Muito mais perigosa.


Os juros da dívida

Todo empréstimo possui juros.

Software também.

Os juros aparecem como:

Mais tempo para manutenção

Uma alteração simples leva dias.


Bugs recorrentes

Conserta um.

Quebra outro.


Medo

"Não mexe."

Frase clássica do legado.


Performance

Cada remendo adiciona processamento.

No mainframe isso significa:

  • CPU

  • MIPS

  • consumo

  • custo


Novos profissionais demoram meses

Porque entender ficou difícil.


Como a dívida cresce?

Imagine um cartão de crédito.

Primeiro mês:

100 reais.

Segundo mês:

Terceiro:

Depois:

Depois:

Software faz exatamente isso.

Cada nova funcionalidade construída sobre código ruim aumenta exponencialmente a complexidade.


O Mainframe sofre muito?

Curiosamente...

sim.

E não.

Mainframes normalmente possuem código extremamente robusto.
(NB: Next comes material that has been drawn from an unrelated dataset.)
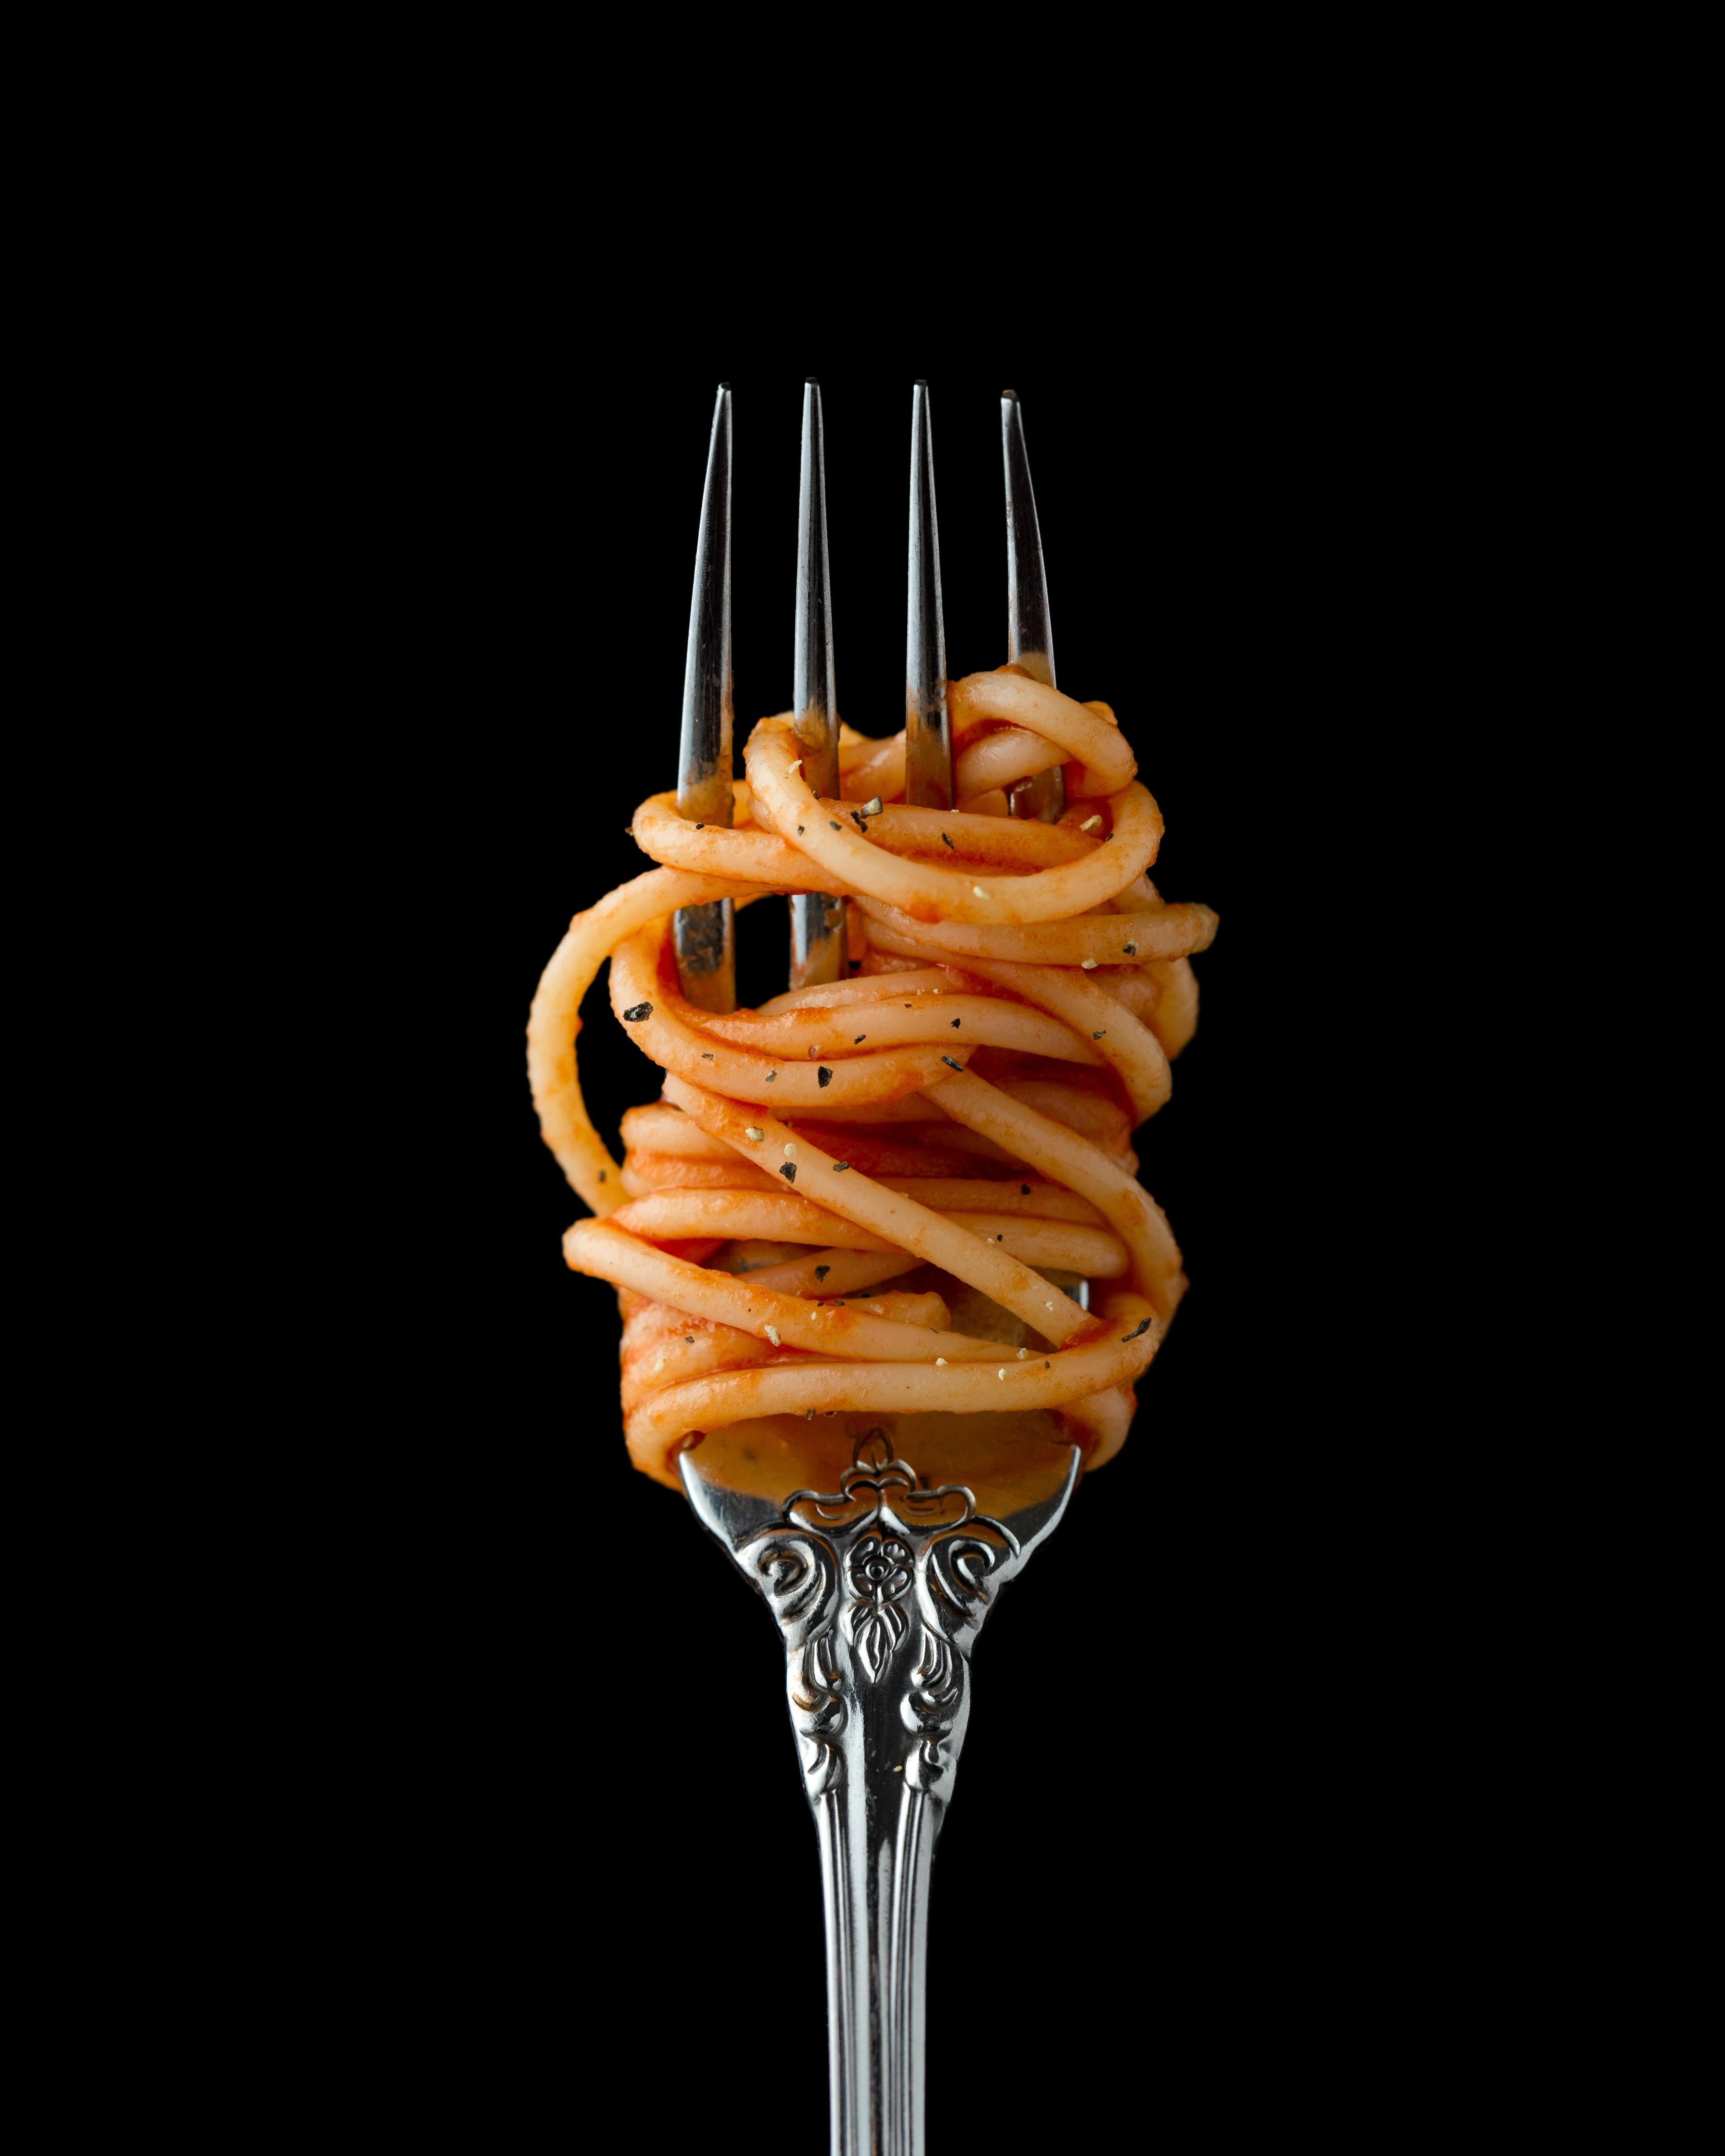 Sugo all'aglione - česnek v hlavní roli

Mas muitos sistemas existem há quarenta anos.

Durante quatro décadas...

centenas de programadores passaram por eles.

Cada geração deixou pequenas modificações.

O resultado pode ser:

  • GOTO esquecidos

  • IFs duplicados

  • COPYBOOKS redundantes

  • programas gigantescos

  • tabelas obsoletas

  • JCLs nunca revisados


Um exemplo realista

Imagine um programa COBOL chamado:

PGMFIN01

1988

2.300 linhas.

1992

3.800 linhas.

1998

6.500 linhas.

2007

11.000 linhas.

2016

19.000 linhas.

2026

41.000 linhas.

Ninguém teve coragem de dividir.

Cada manutenção ficou mais cara.

A dívida cresceu silenciosamente.


O Oráculo explica

No universo Matrix, o Oráculo nunca entrega respostas prontas.

Ela oferece entendimento.

Na Engenharia de Software acontece igual.

A dívida técnica raramente aparece em relatórios.

Ela aparece nos sintomas.

Equipe cansada.

Prazo aumentando.

Mudanças simples demorando semanas.

Clientes reclamando.

ABENDs aparecendo após pequenas alterações.

Esses são os sinais.


Como reduzir a dívida?

Refatoração

Melhorar código sem alterar comportamento.

É a principal arma.


Testes automatizados

Permitem mudar com segurança.


Revisão de código

Dois olhos veem mais que um.


Arquitetura

Planejamento evita improvisos.


Documentação viva

Nunca deixe conhecimento apenas na memória.


Pair Programming

Conhecimento compartilhado.


Mentoria

Programadores experientes aceleram iniciantes.


Limpeza contínua

Nunca espere uma grande reescrita.

Melhore um pouco todos os dias.


A Regra do Escoteiro

Robert C. Martin popularizou uma ideia simples:

Deixe o código um pouco melhor do que encontrou.

Imagine milhares de desenvolvedores fazendo isso durante anos.

A dívida diminui naturalmente.


Atenção!

Existe um erro muito comum.

Confundir:

Refatoração

com

Reescrita.

São coisas completamente diferentes.

Refatorar melhora.

Reescrever substitui.

Nem sempre reescrever é inteligente.

Muitos projetos falharam tentando "começar do zero".


O perigo da Grande Reescrita

Na Matrix Reloaded, Neo descobre que destruir tudo não resolve.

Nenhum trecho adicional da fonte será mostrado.